Larval Brain Squashes
1.Pick 3rd instar larvae (4-5 day old in bottles). If applicable, use GFP scope if applicable to find appropriate genotype
2.Dissect larval brains in glass dish in 20% newborn calf serum (optional) and 80% of 0.7% Saline (1.4 g NaCl in 200 mL ddH20).
3.Move brains to a puddle of serum/saline on glass slide. Dissect other tissues away from brains. Put each pair of brains in a small Petri dish containing 1.5 mL of serum/saline [Option: use a six-well tissue culture plate.]
4.Add 6 μl of 0.025 M stock of colchicine for a final concentration of 0.1 mM.
[12 μl if using TC plate.]
5.Incubate for 1.5 hours on benchtop. 30 min. gives minimal mitotic spreads; increasing incubation time increases number of mitotic cells/spread.
6.Remove solution and add 1.5 mL of 0.5% citrate to induce swelling. Put on bench top and soak for 8 minutes. More than this often causes the tissue to “dissolve” and the sister chromatids to separate; too little time doesn’t allow for the chromosomes to “spread” easily for viewing.
7.Fix by using foreceps and dipping individual brains in a solution of acetic acid, methanol, and ddH20 (5.5:5.5:1) for 10-20 seconds.

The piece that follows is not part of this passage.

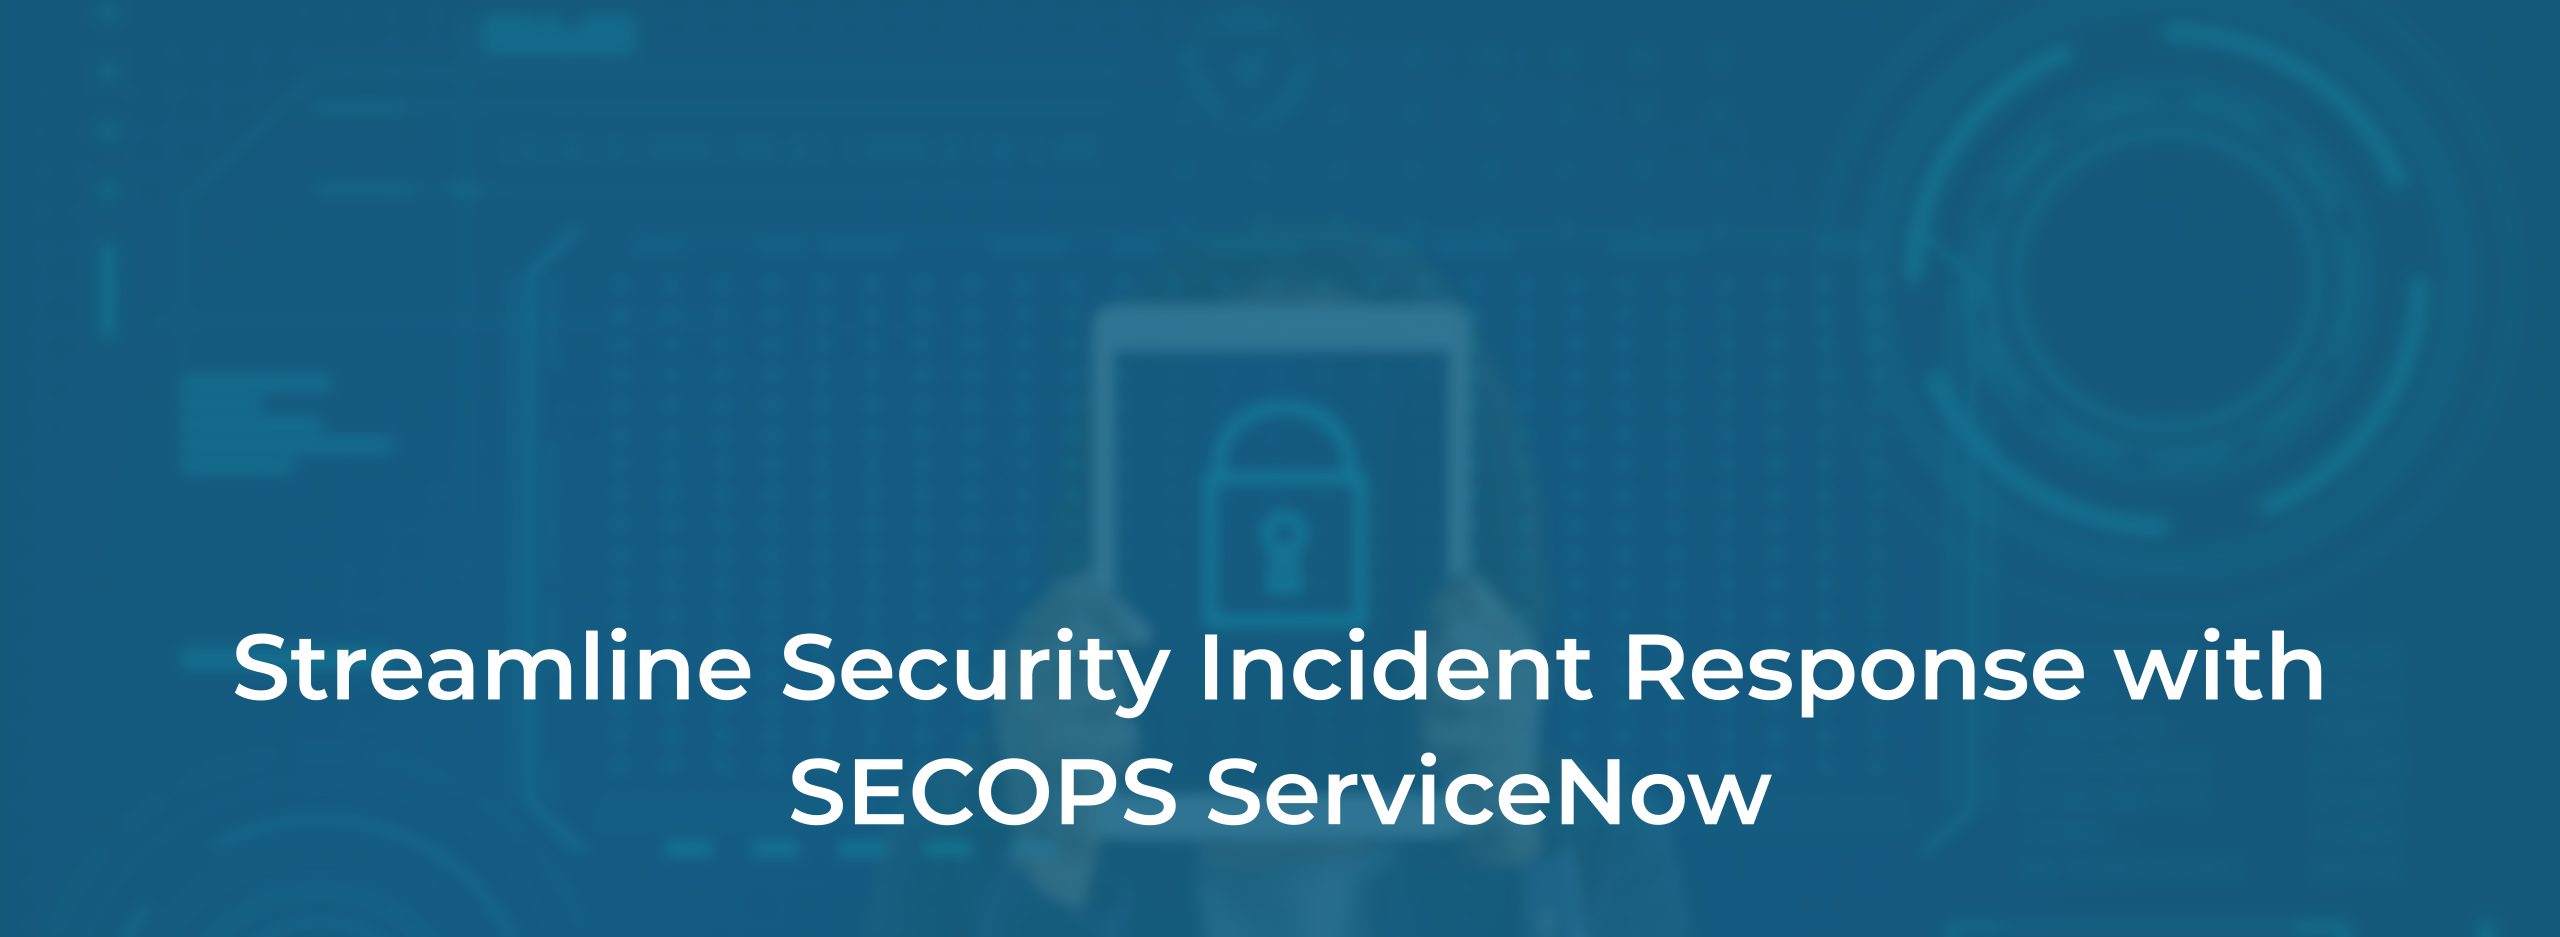 ServiceNow Security Operations

~1 mL = 450 μl acetic acid, 450 μl methanol, 82 μlddH20
8.Transfer each to a corner of a large 22x40 mm coverslip. Put one pair in each corner, for a total of 4 brains on each large coverslip. Be sure to mark which side has the brain squashes
9.Put 2μlof 45% acetic acid on each brain. Let sit for ~2 min.

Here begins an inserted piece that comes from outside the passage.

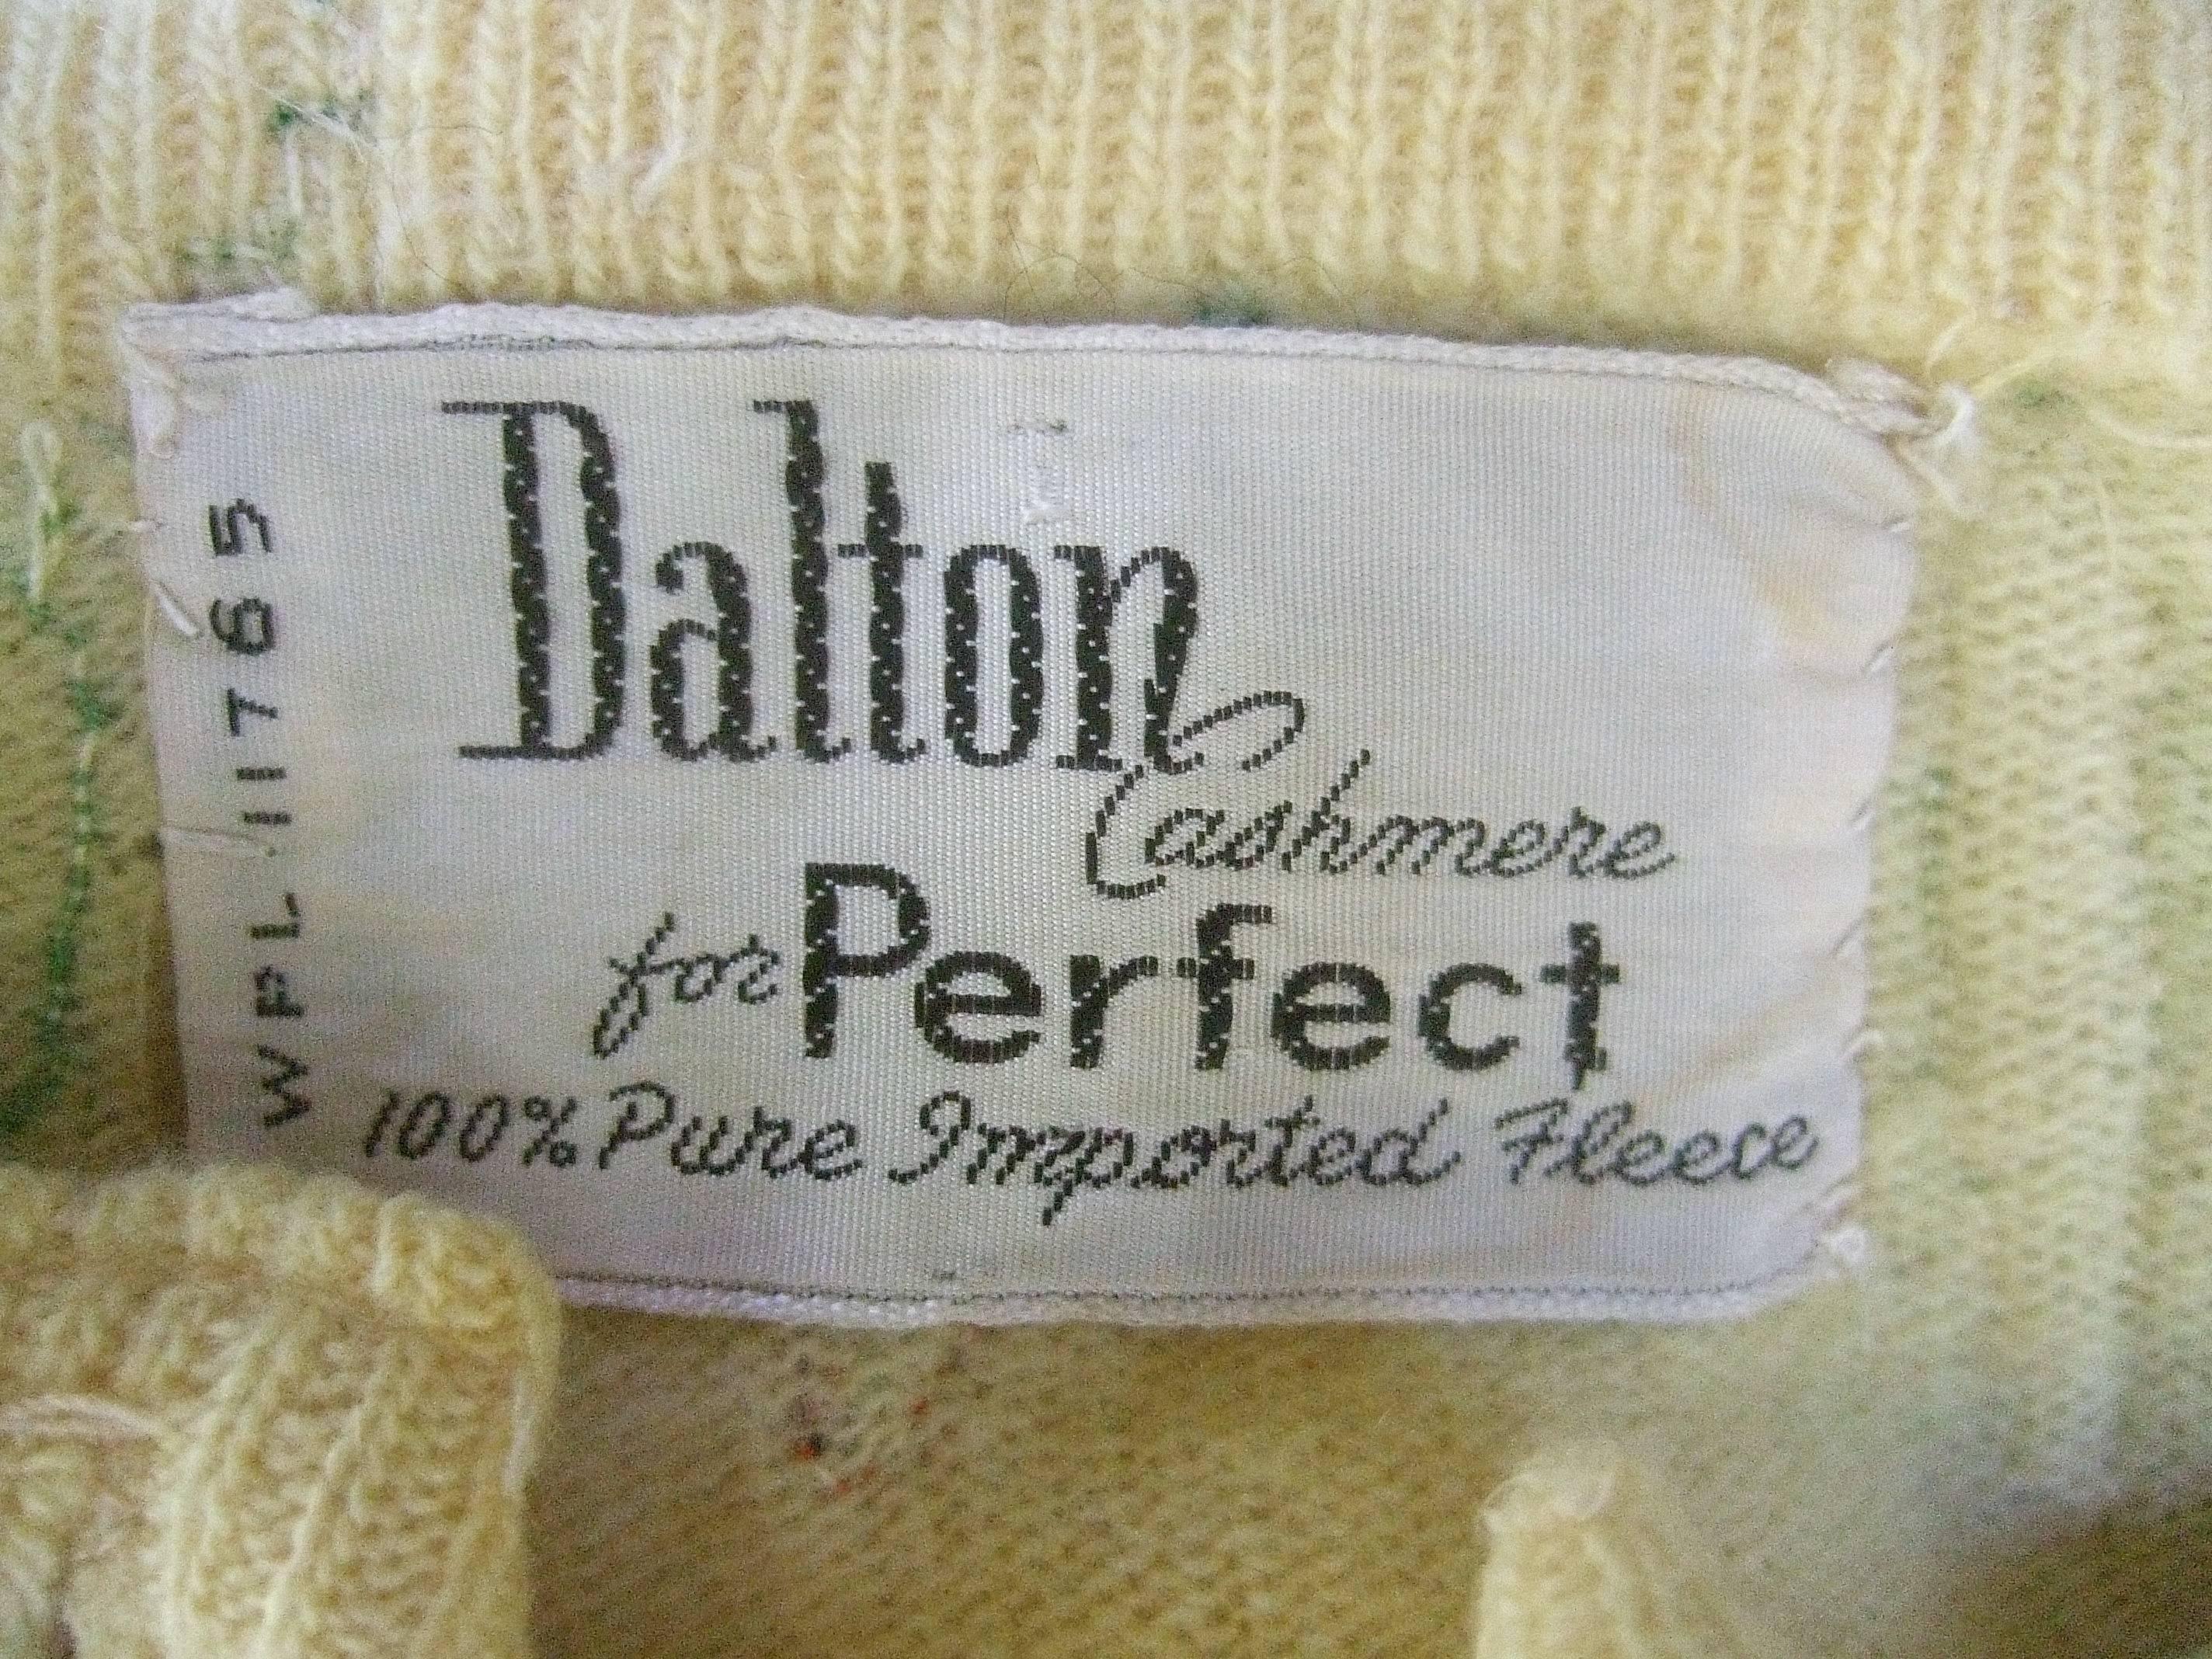 Whimsical Buttercup Yellow Cashmere Vegetable Theme Cardigan by Dalton c 1960  4

10.Put small 22 x 22 mm siliconized microscope coverslip on top. Squash with thumbs against bench top. Put a glass slide under the two coverslips for support and to avoid shattering the coverslips.
11.Lay the entire slide with “coverslip” sandwich on block of dry ice to freeze for 10-15 minutes. Small coverslip should easily pop off of the larger coverslip, with brain squashes stuck to the larger coverslip.
12.Soak large coverslip with squashes in 95% EtOH at -20oC to dehydrate. Air dry coverslip and store at 4oC if desired.
1.Rehydrate in 2X SSC for five minutes. Use the standing jar made for slides and soak in ~30 mL.
2.Stain with 0.1 ug/mL DAPI for five minutes:
3 μl working stock of DAPI in 30 mL of 2X SSC
3.Rinse ~5 seconds in fresh 2X SSC. Air dry in vertical position.
4.Mount large coverslip on a clean glass slide with Fluoromount G (one small drop per slide) and seal with clear nail polish. It is important to reduce the amount of volume between the slide and the large coverslip.
5.Slides can be stored at 4oC in dark or viewed immediately. Use 40X to find squashes, which will look like blue dust under epifluorescence. Use 100X oil immersion lens to look at individual nuclei.